Was Stanmore the site of a historical battle in which Boudica's revolting tribes were routed by the Roman army?
The suggestion - however outlandish - is just one of a number of old wives' tales about Harrow and Brent featured in a new book documenting London's most persistent and unusual urban legends and practices.
Author Steve Roud has researched in-depth reports of superstitions and anecdotal stories from across the city's 32 boroughs and compiled them into London Lore.
One of the most astounding local claims is that the Battle of Watling Street - in which Boudica led two indigenous tribes to defeat at the hands of the Romans in AD 60 or 61 - took place on Stanmore Common.
Historians do not know exactly where the clash happened, but place it somewhere between Londinium (London) and Viroconium (Wroxeter, in Shropshire) on the Roman Road now known as Watling Street.
The fact that Boudica's grave is reputedly to be a mound in the grounds of nearby Lime's House in Stanmore does add credence to the claim that the borough of Harrow was the setting of the decisive encounter.
London Lore further explains that a "lost Roman city", again located somewhere along Watling Street, is said to be sited at Brockley Hill in Stanmore.
Beyond ancient military fables, the book serves up several stories - or tall stories? - regarding poltergeists.
In one, writer Augustus Hare recalls in his biography the tale of a friend, Herman Merivale, who saw the ghost-ly apparition of a stagecoach pulling up outside the Headmaster's House at Harrow School at midnight one evening.
When Mr Merivale asked the next day who the visitor was, a servant replied, spookily, that no-one had come by - but that headmaster Dr Butler's father had died the previous night on the other side of the country.
Similarly, in 1873 renowned folk-lorist John Emslie detailed a labourer who said he could see spirits.
"He had never seen a ghost until about two months back, when, passing along the lane from Kenton to Whitchurch, he heard a sound like footsteps, and, looking to the right, at a distance of about two yards, distinct-ly saw a friend of his, a faint light showed him, all around was dark.
"He knew that his friend was ill, and far away; and next morning received a letter announcing the death of his friend in the night."
Two years earlier, Emslie had explored the widespread assumption among residents that several monarchs had found their final resting place in Kingsbury: "That's why it's called Kingsbury," one local told him.
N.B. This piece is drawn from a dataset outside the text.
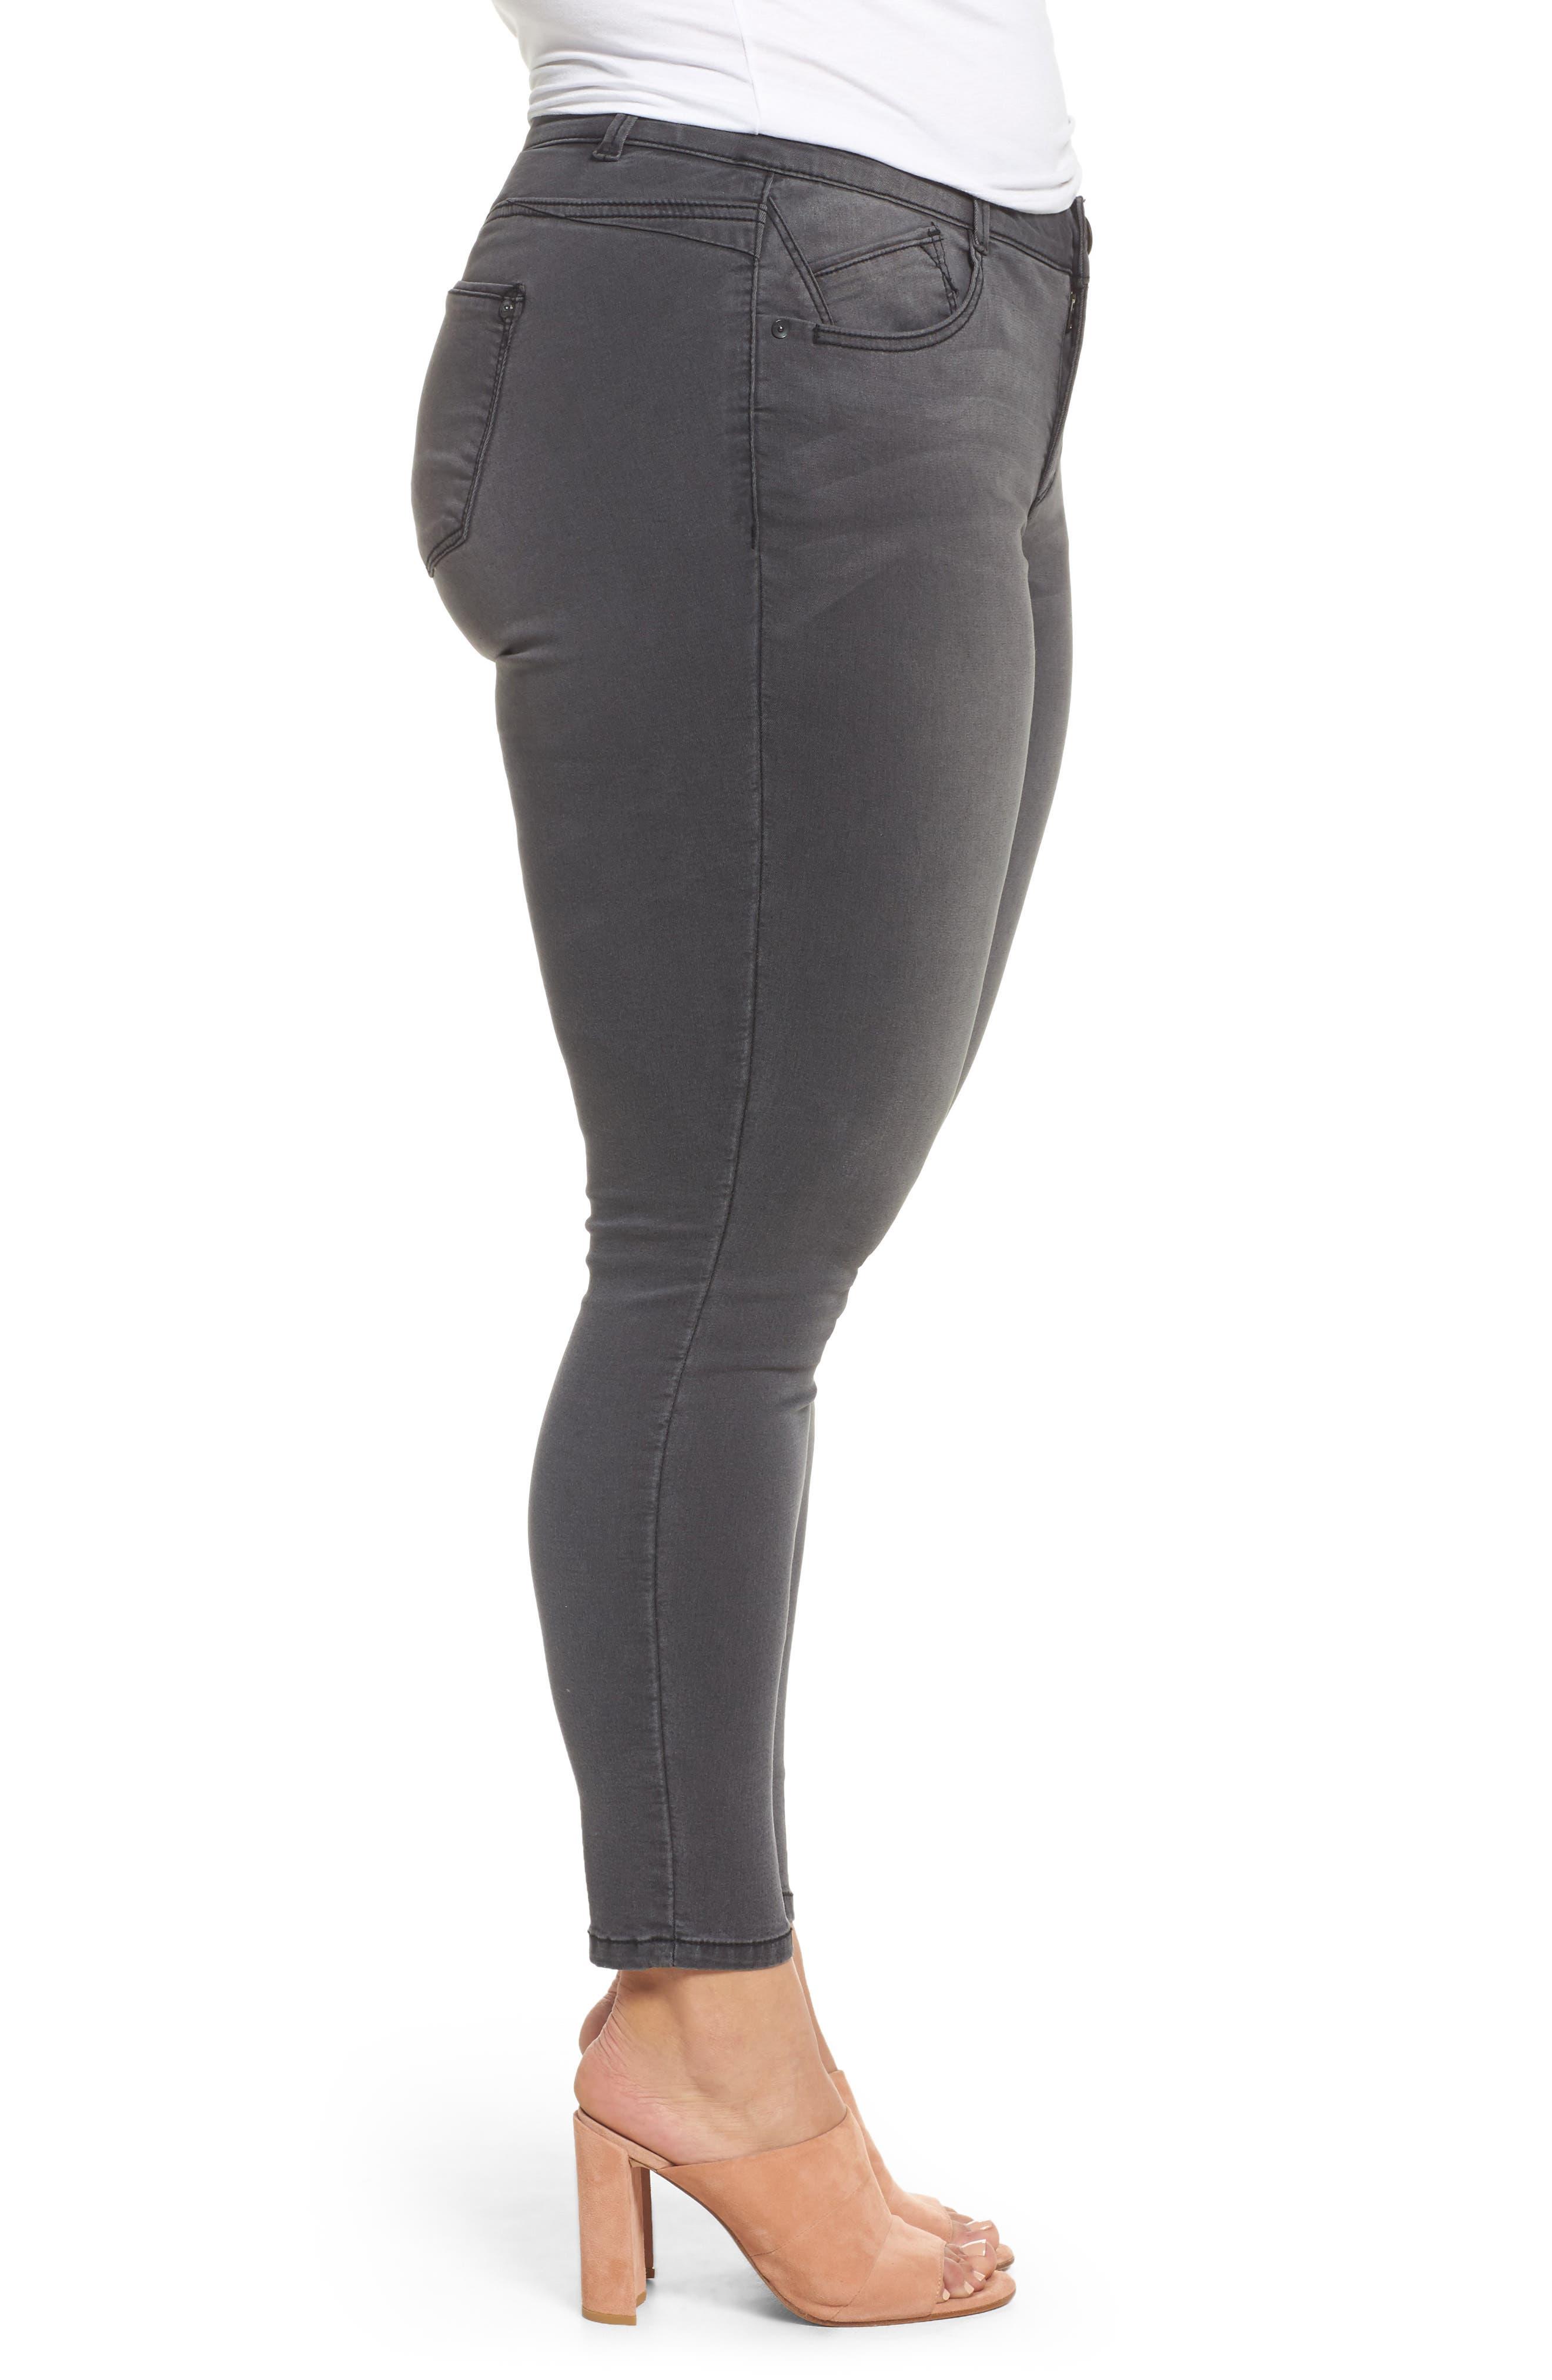 Ab-solution Ankle Skimmer Jeans,                             Alternate thumbnail 3, color,                             020

The area actually takes its name from King's Burgh, or manor.
Kilburn, Emslie was told, derived its name because "the Catholics used to kill and burn so many people".
In the graveyard of St John the Baptist in Church Lane, Pinner, is an 1843-constructed memorial to William and Agnes Loudon that is pyramid-shaped and has what looks like part of a coffin jutting out of one face.
Mr Roud said that this protrusion gives rise to a local legend that the couple's remains actually lie entombed in a stone coffin but reveals, in reality, the bodies were buried underground.
There is a another tale, picked out from Townshend and Ffoulkes' 1936 book True Ghost Stories, about a publisher, L, who, while one day lost in Kensal Green Cemetery in Harrow Road, Kensal Green, stumbled across the grave of a former girlfriend, Elsie.
At home later, he intended to a call a friend, but accidentally asked the operator to put him through to Kensal Green and gave the number of Elsie's grave. Inexplicably, Elsie's voice answered and said she would see her former paramour soon.
"The front door opened noiselessly, then closed. Footsteps dragged a little, as if their owner's limbs had recently been cramped, came slowly down the passage, heralded by a current of icy air.
"L did not meet the visitor. He fainted - and lay unconscious until early next morning when Bowden "his valet" discovered him.
"'And believe me, or believe me not,' said Bowden, when discussing L's unaccountable seizure, 'bits of wet clay were sticking to the carpet and some was on his dinner jacket. Beats me how it got there.'"
Mr Roud's book mentions a 1992 article in the Observer in which reporter Jim Golland debunked many of the areas myths, even though locals swore they were true.
There was, for instance, a mythical tunnel that supposedly led from what used to be the King's Head Hotel in Harrow on the Hill to St Mary's Church in Church Hill or from Headstone Farm to the church.
London Lore is an absorbing and fascinatingly thorough book in which Mr Roud not only simply relates each story, but tries to rubbish or confirm the myth as well as examine how each tale of lore came into being.
Flick past the pages of the northwest London section of this hardback tome and you will find explanations of some of the city's most enduring and well-known curiosities - Cockney rhyming slang, London Bridge and Sweeney Todd, the demon barber of Fleet Street. * London Lore costs £20 and will be published by Random House on Thursday, October 9 with the ISBN 978-1-847-94511-2.